Итак, спину ласкает упругая пленка поверхности воды, руки плавно загребают соленый студень, дыхание ровное, ритмичное, и если не обращать внимание на шипение воздуха в трубке, обнаруживаешь блаженную подводную тишину. Нет, это не абсолютное беззвучье, здешняя тишина ласкает слух тихим поскрипыванием крупного песка, приглушенным стрекотом далекой моторной лодки, всплесками резвящихся пловцов и мерным шорохом легкого прибоя. Только вынырнув на поверхность, вспоминаешь, что наверху тебя непрестанно оглушают суетливые резкие звуки с криками и воплями, и ты обратно погружаешься в подводную тишину, наслаждаясь покойным шепотом. Плавно колышутся водоросли, по округлым донным камням и по песчаным залысинам ползают пугливые крабы, порхают стайки мелких рыбешек, проносится мимо серебристой молнией ставридка, возлегают на плоских камнях черные бычки, изумрудные зеленушки, едва заметно пошевеливая плавниками, из-под мохнатого валуна выглядывает красный шлепанец, посверкивает монетка, брошенная на прощанье, чтобы непременно вернуться.
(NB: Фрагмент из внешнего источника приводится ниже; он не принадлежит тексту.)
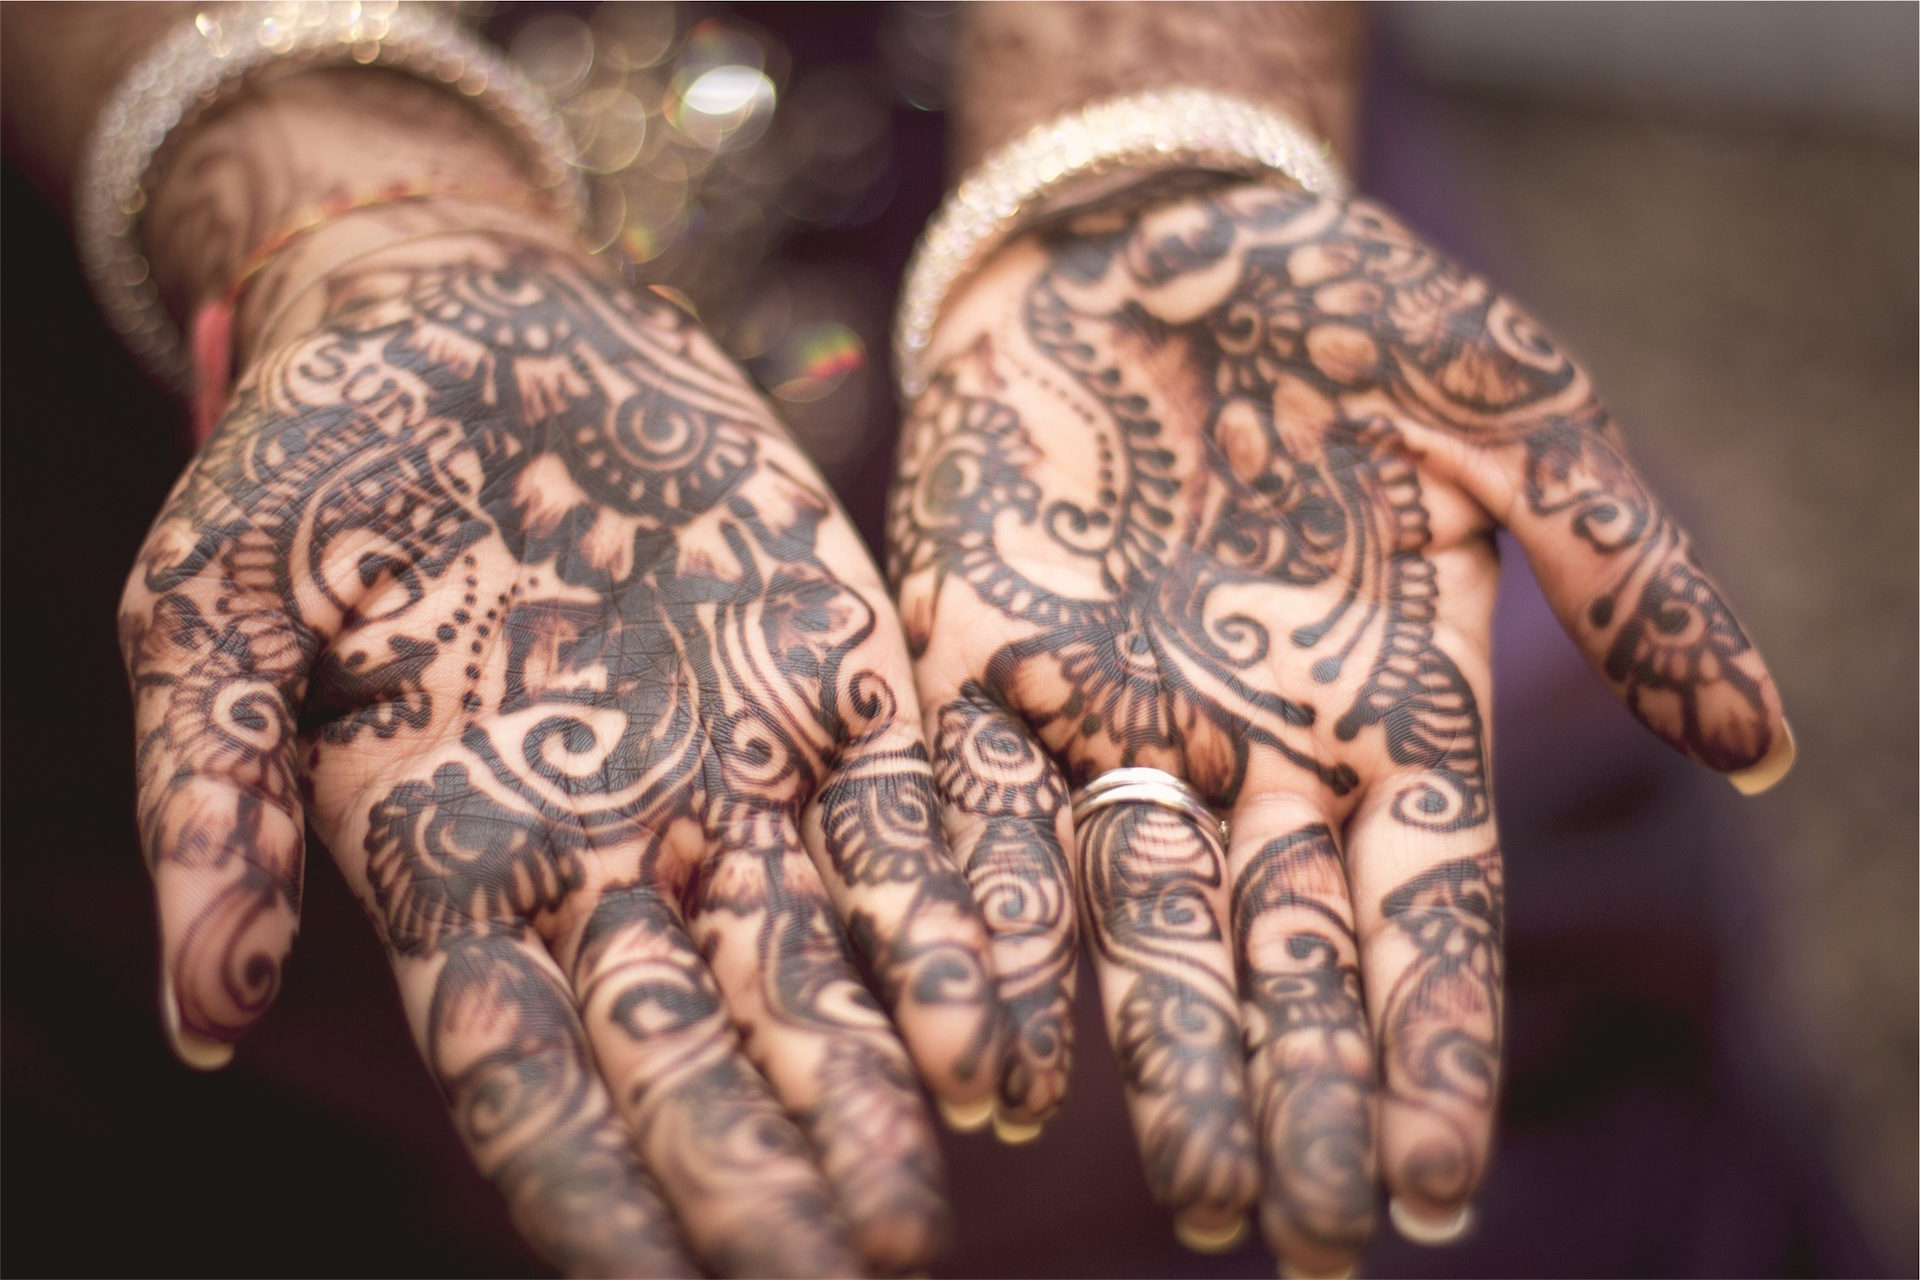 manos, tatuajes, pulseras, uñas, ritos - Fondos de Pantalla HD - professor-falken.com

Однажды и я бросил свою монетку в море, тогда и мне очень хотелось вернуться сюда. Казалось, нет ничего более интересного и загадочного, чем море и выжженное солнцем небо, и сизые горы, тяжелой поступью удаляющиеся прочь от большой синей воды на север, где холод покрывает вершины белым снегом. Бабушка показывала невиданные деревья с лаковыми, будто жестяными листьями, гроздьями цветов, распыляющими сладкий дурман, и со значением произносила: магнолия. Затем подходила к размашистой пальме с волосатым стволом, трепетной кудрявой акации, ровно подстриженному кустарнику самшита, огромному синему кактусу, высоченному кусту олеандра, гигантским розам с человека ростом и бутонами с кулак, изогнутым елям с длинной хвоей  – и каждого представляла мне, как дорогого иностранного гостя. Заодно рассказывала, с какого континента, из какой страны завезли путешественники растение, какие люди там и как они живут.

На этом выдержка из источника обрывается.